## GIVEN MATERIAL
=== Begin Enclosure ===

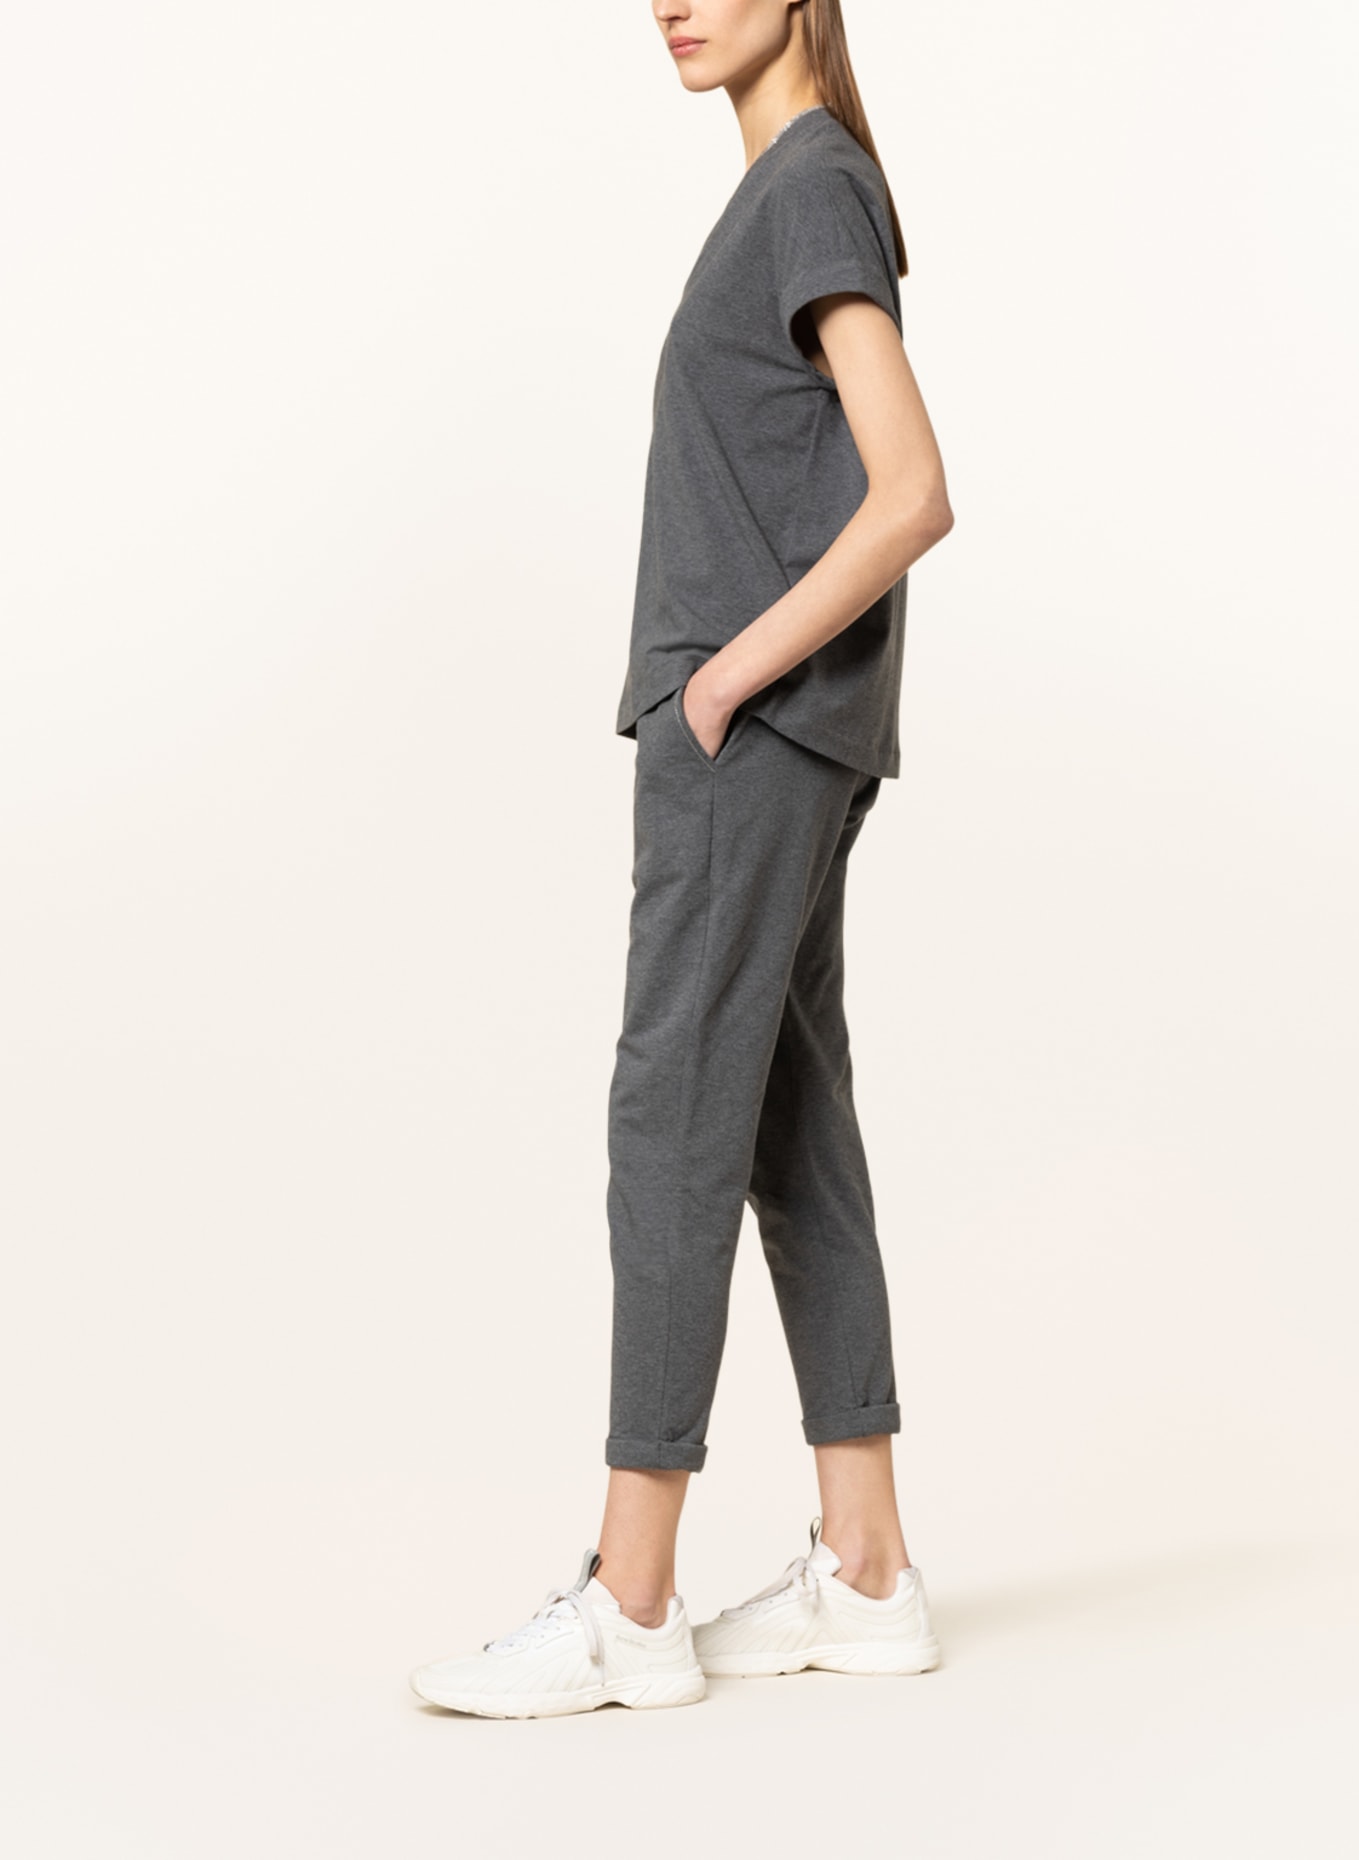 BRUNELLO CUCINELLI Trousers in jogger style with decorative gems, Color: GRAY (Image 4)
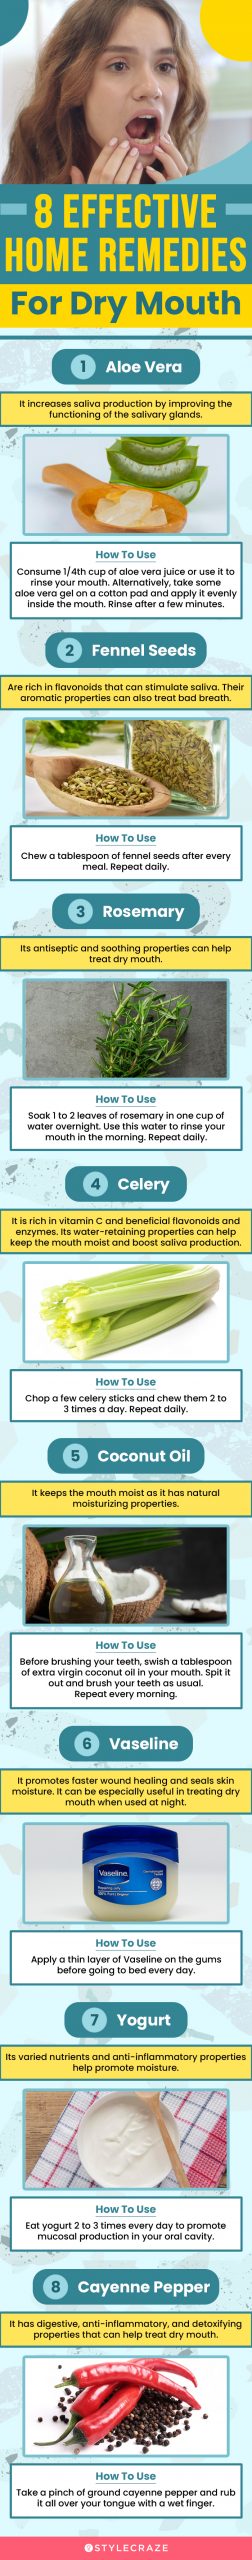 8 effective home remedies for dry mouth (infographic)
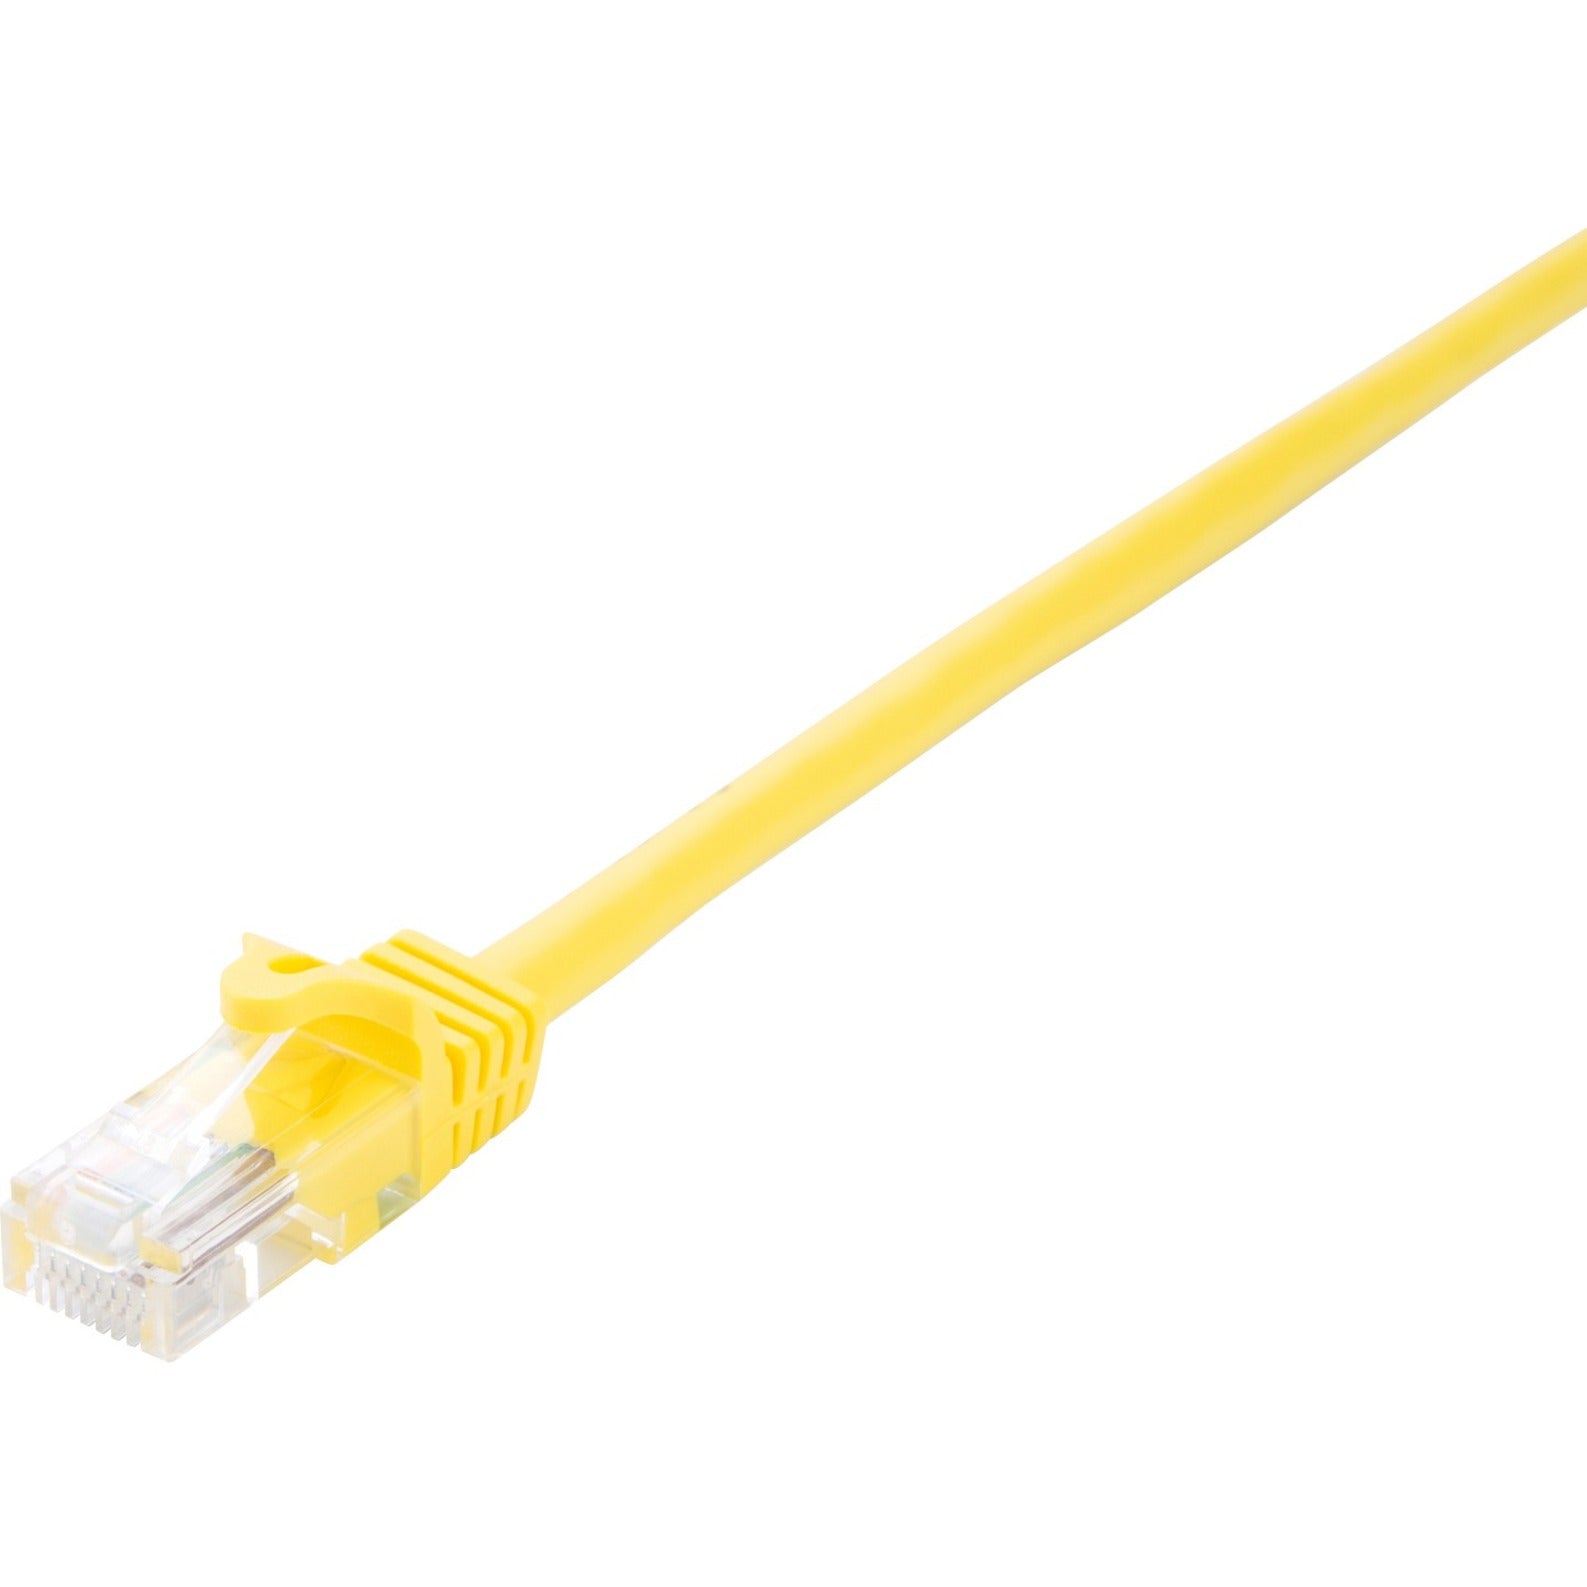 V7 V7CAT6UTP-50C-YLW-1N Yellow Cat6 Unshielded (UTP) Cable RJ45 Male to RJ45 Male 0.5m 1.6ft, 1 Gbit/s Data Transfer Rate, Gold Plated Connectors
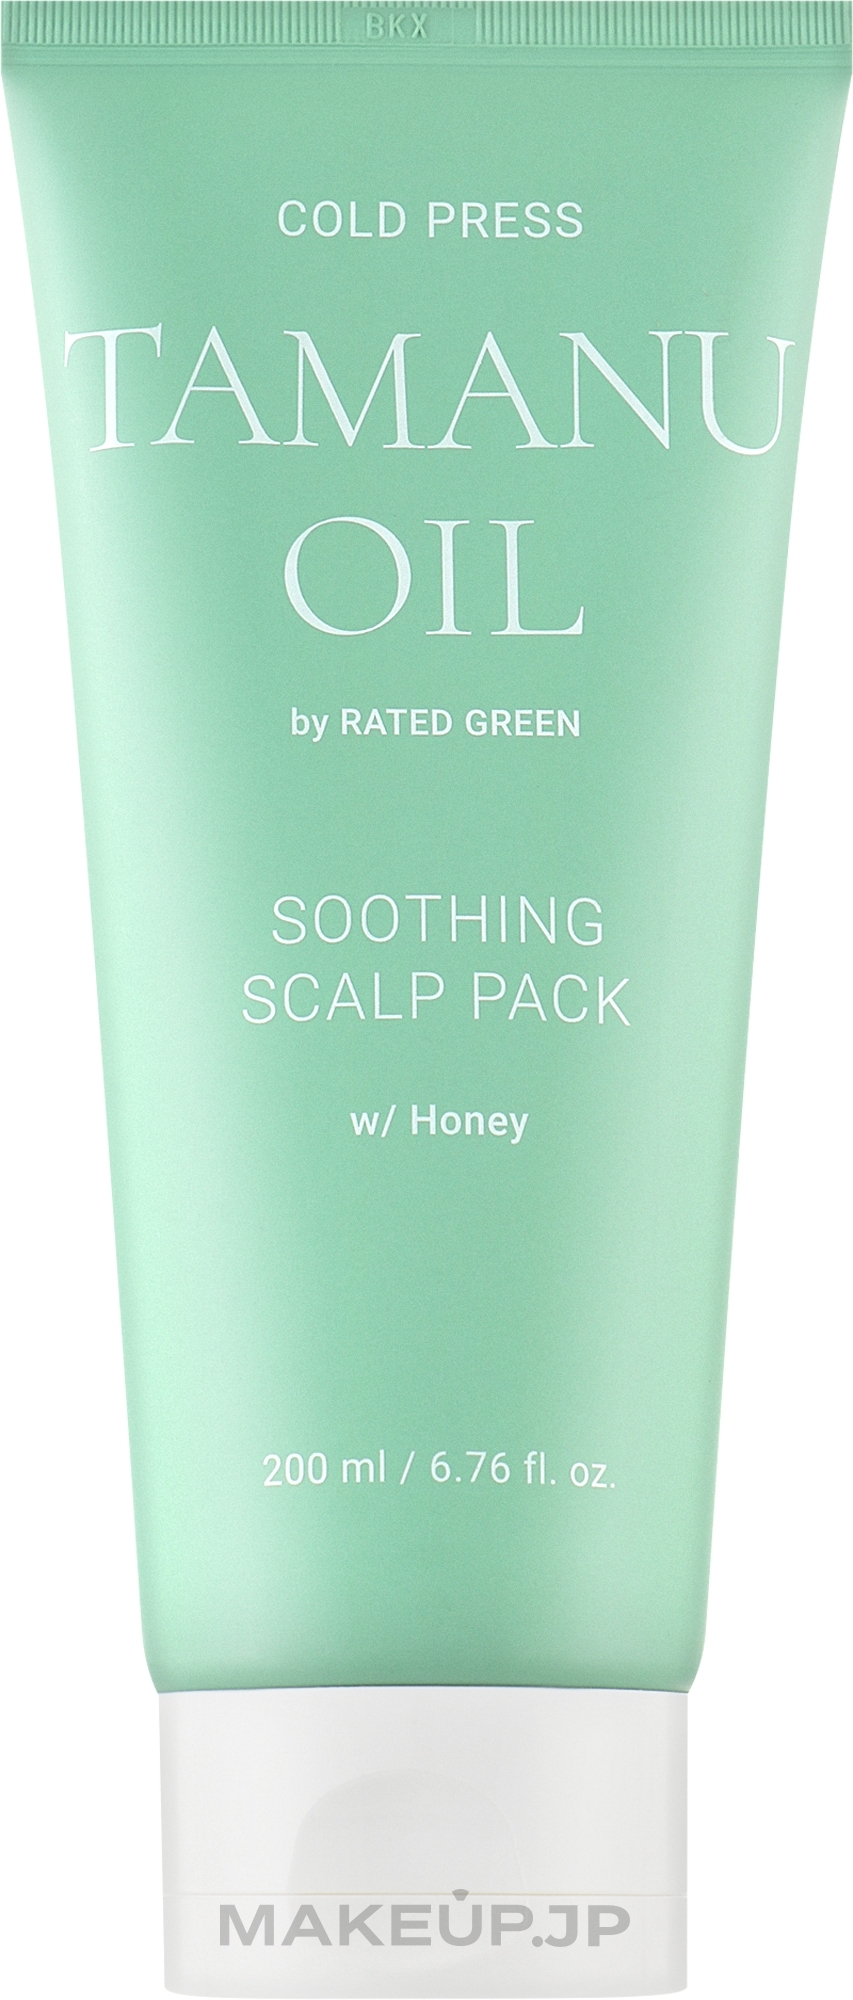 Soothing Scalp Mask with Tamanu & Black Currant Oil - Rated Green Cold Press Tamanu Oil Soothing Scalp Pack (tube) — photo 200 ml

=== End Enclosure ===

## WHAT IS NEEDED
The lines from the one containing "V7 V7CAT6UTP-50C-YLW-1N Yellow" through the last line above are to be repeated exactly, and only those. Any pictures must be left out.

## TASK RESULT
 V7 V7CAT6UTP-50C-YLW-1N Yellow Cat6 Unshielded (UTP) Cable RJ45 Male to RJ45 Male 0.5m 1.6ft, 1 Gbit/s Data Transfer Rate, Gold Plated Connectors
 Soothing Scalp Mask with Tamanu & Black Currant Oil - Rated Green Cold Press Tamanu Oil Soothing Scalp Pack (tube) — photo 200 ml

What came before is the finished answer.